The reply should be an exact repeat of the listing, with no pictures in it.

* Data extract *
Segment Open

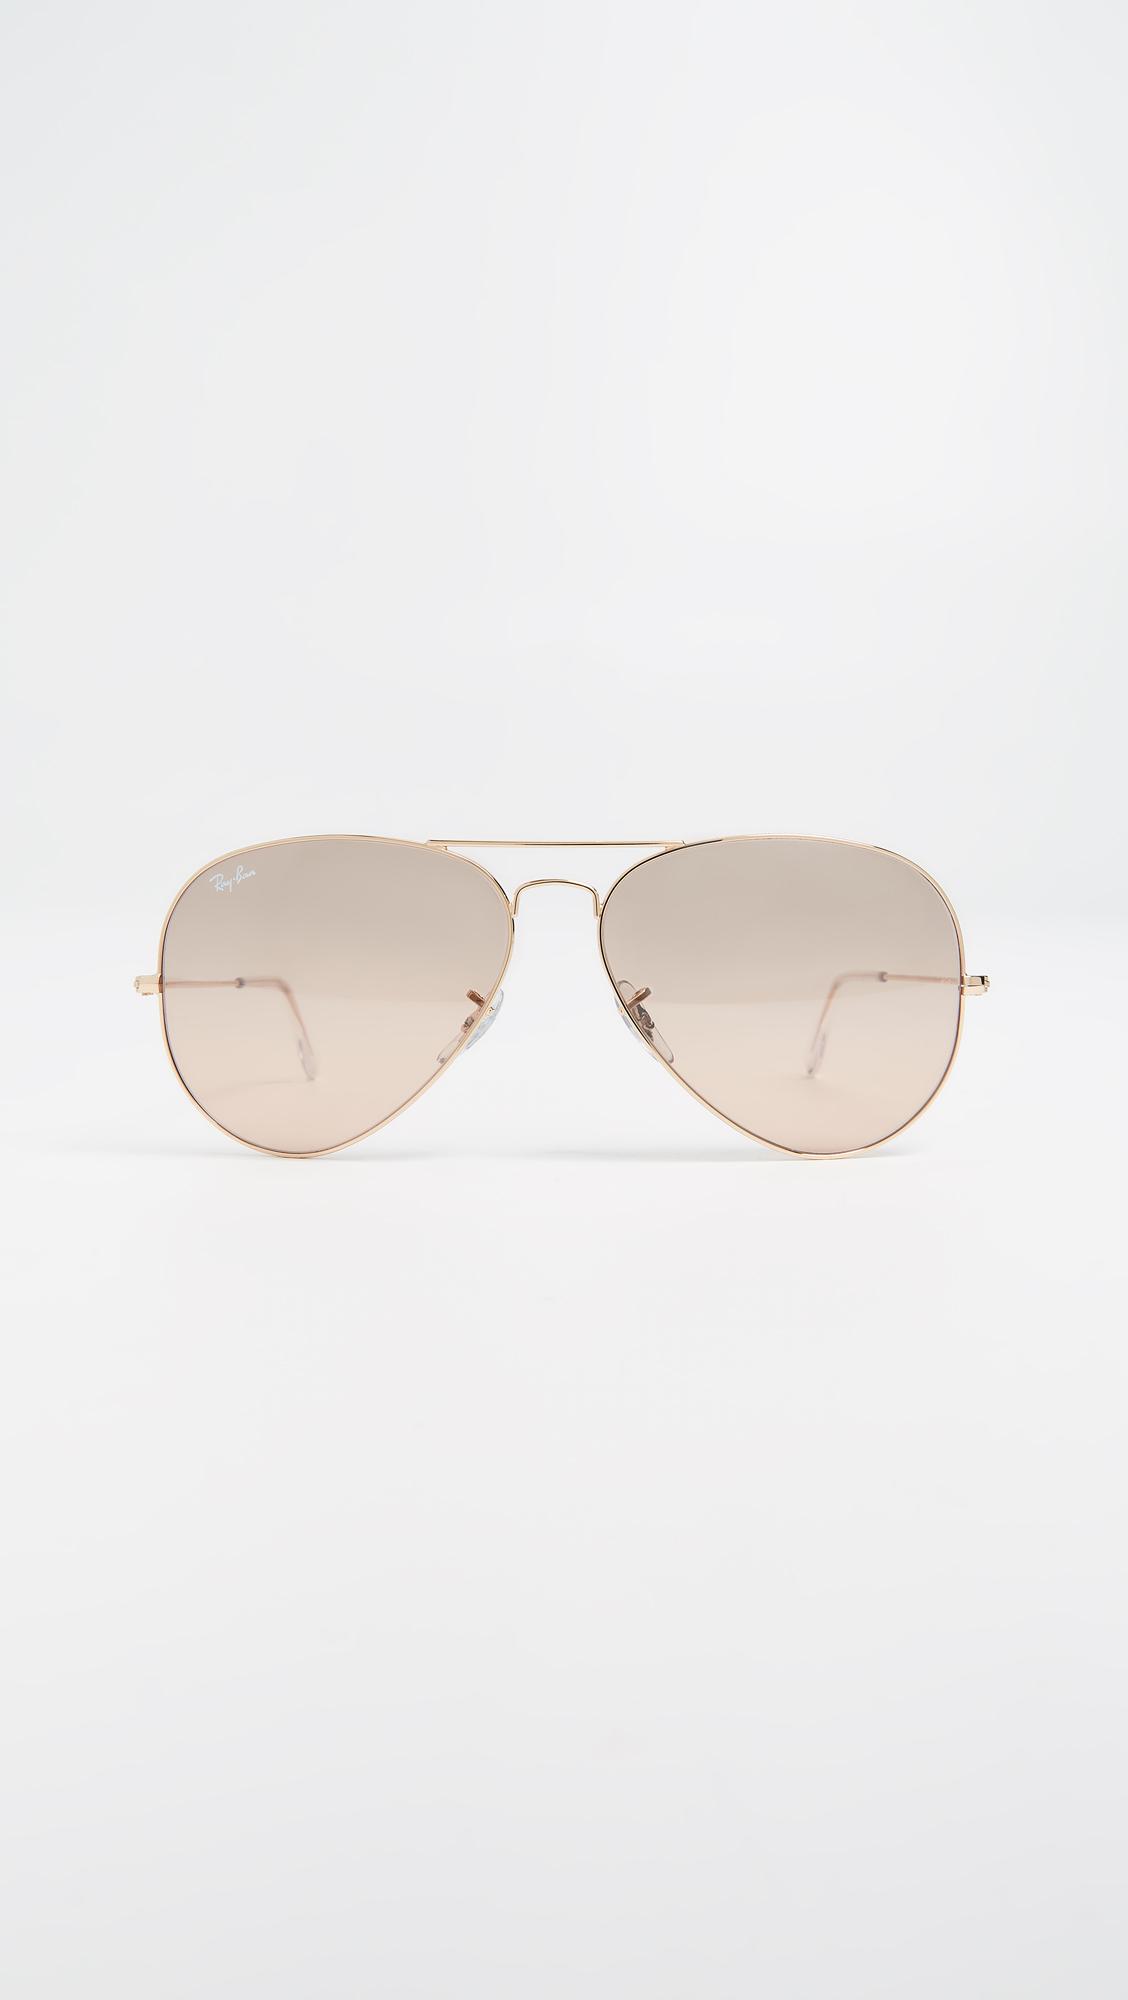 d8dfa39f5eb05 Ray-Ban Oversized Original Aviator Sunglasses   SHOPBOP
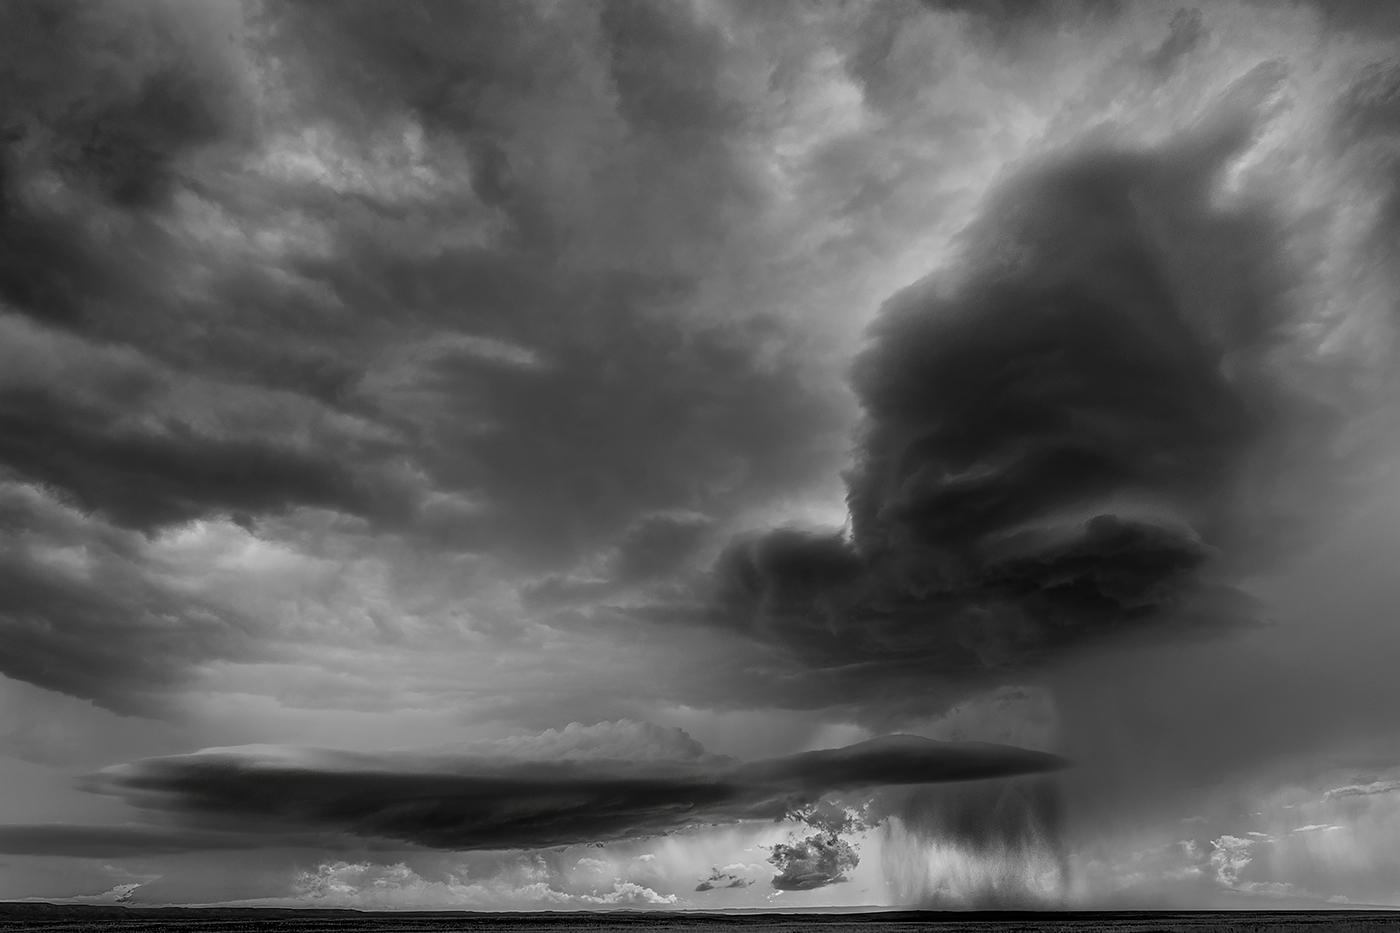 1st Place - Supercell Dropping Hail on Nebraskan Plains by Steve Carroll
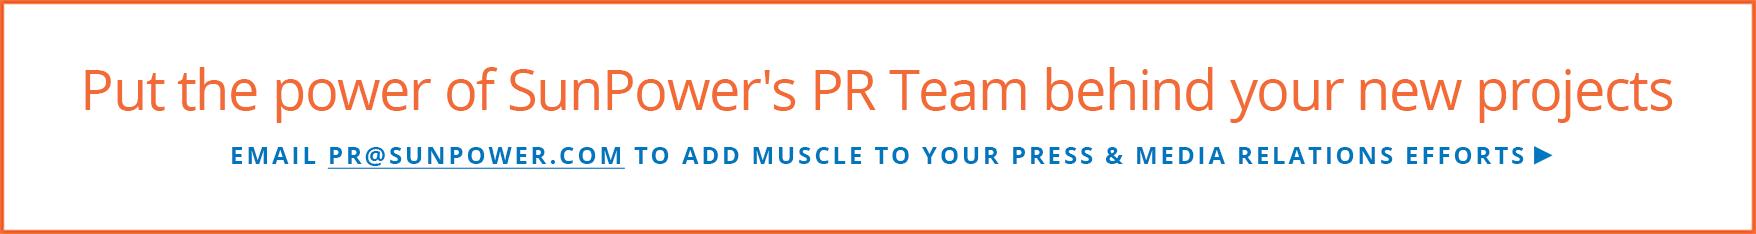 Email PR@sunpower.com banner ad

Segment Closed

* Answer space *
 d8dfa39f5eb05 Ray-Ban Oversized Original Aviator Sunglasses   SHOPBOP
 1st Place - Supercell Dropping Hail on Nebraskan Plains by Steve Carroll
 Email PR@sunpower.com banner ad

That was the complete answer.